▸ The problem
Everything in the records below from the line containing "Mr. Rabbit in Art Land" through the line containing "Marker Sketch Photoshop Action 24303447" is to be reproduced exactly, those two lines included; no picture is to be copied.

▸ Material to process
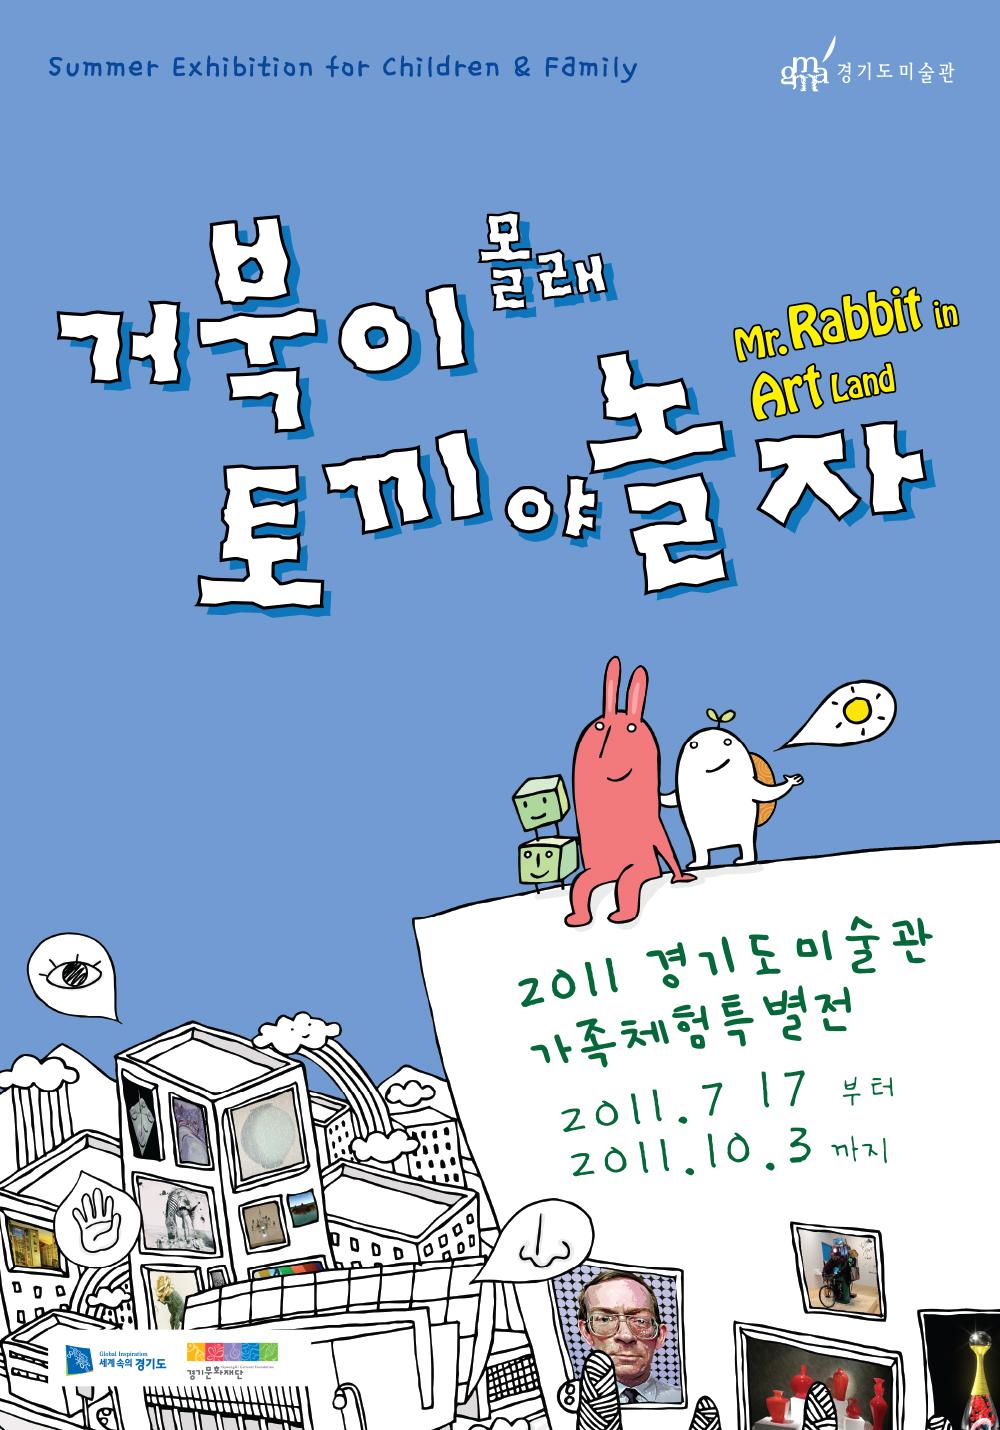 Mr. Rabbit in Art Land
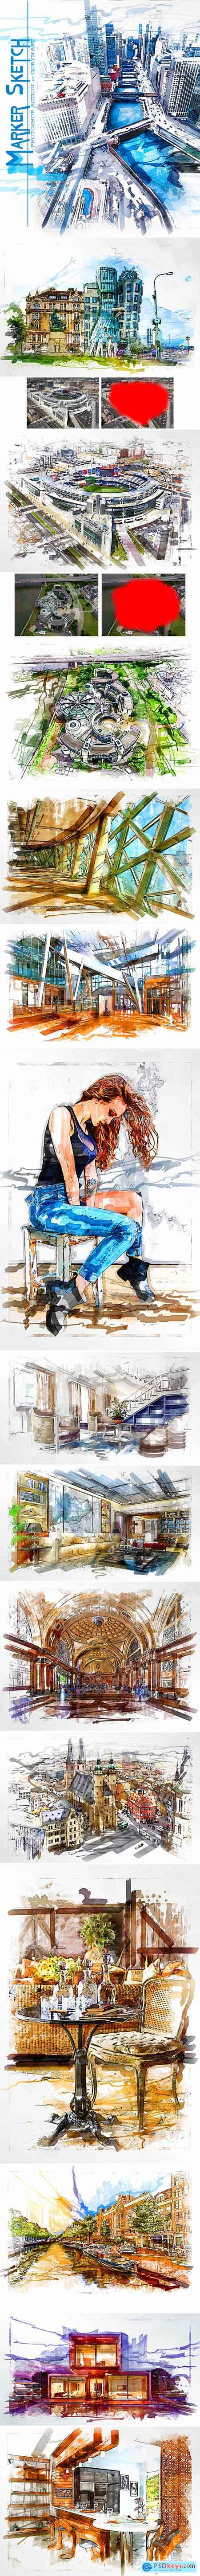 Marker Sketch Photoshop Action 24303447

==

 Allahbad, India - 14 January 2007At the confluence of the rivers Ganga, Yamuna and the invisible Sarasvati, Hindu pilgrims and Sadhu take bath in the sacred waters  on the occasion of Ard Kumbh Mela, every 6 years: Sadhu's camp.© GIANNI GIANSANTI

==

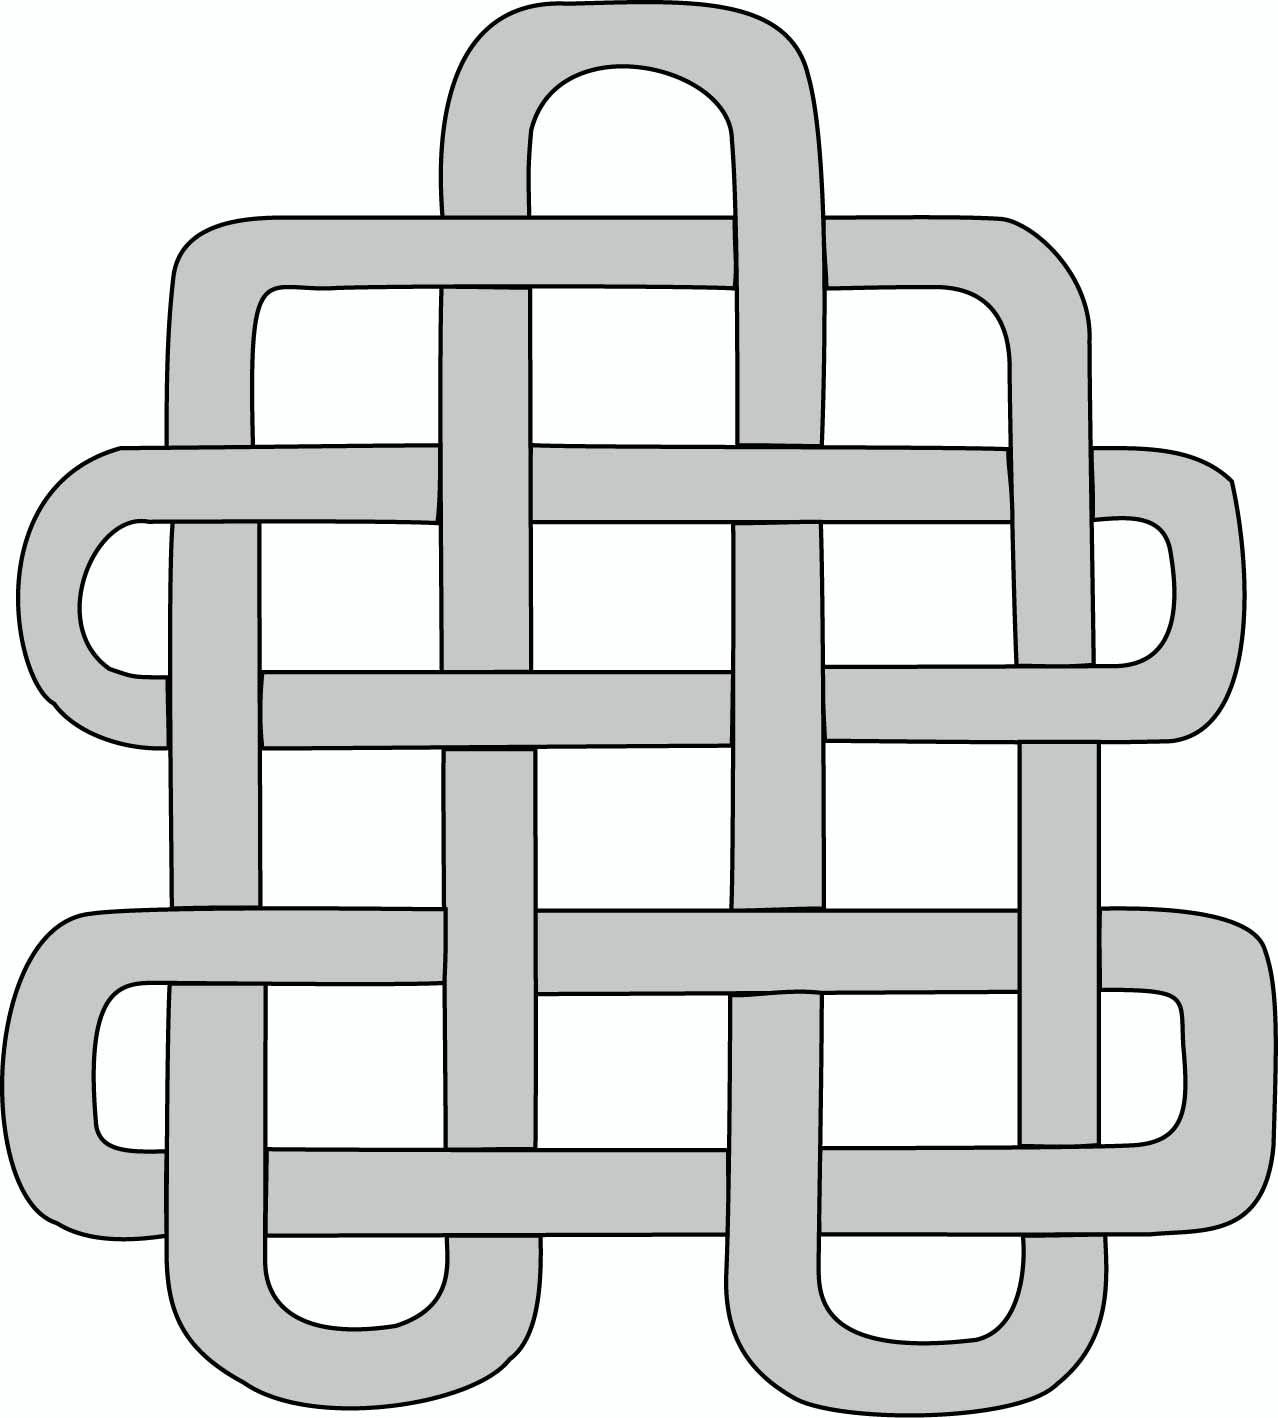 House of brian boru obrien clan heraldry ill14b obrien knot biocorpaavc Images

▸ Output of the task
 Mr. Rabbit in Art Land
 Marker Sketch Photoshop Action 24303447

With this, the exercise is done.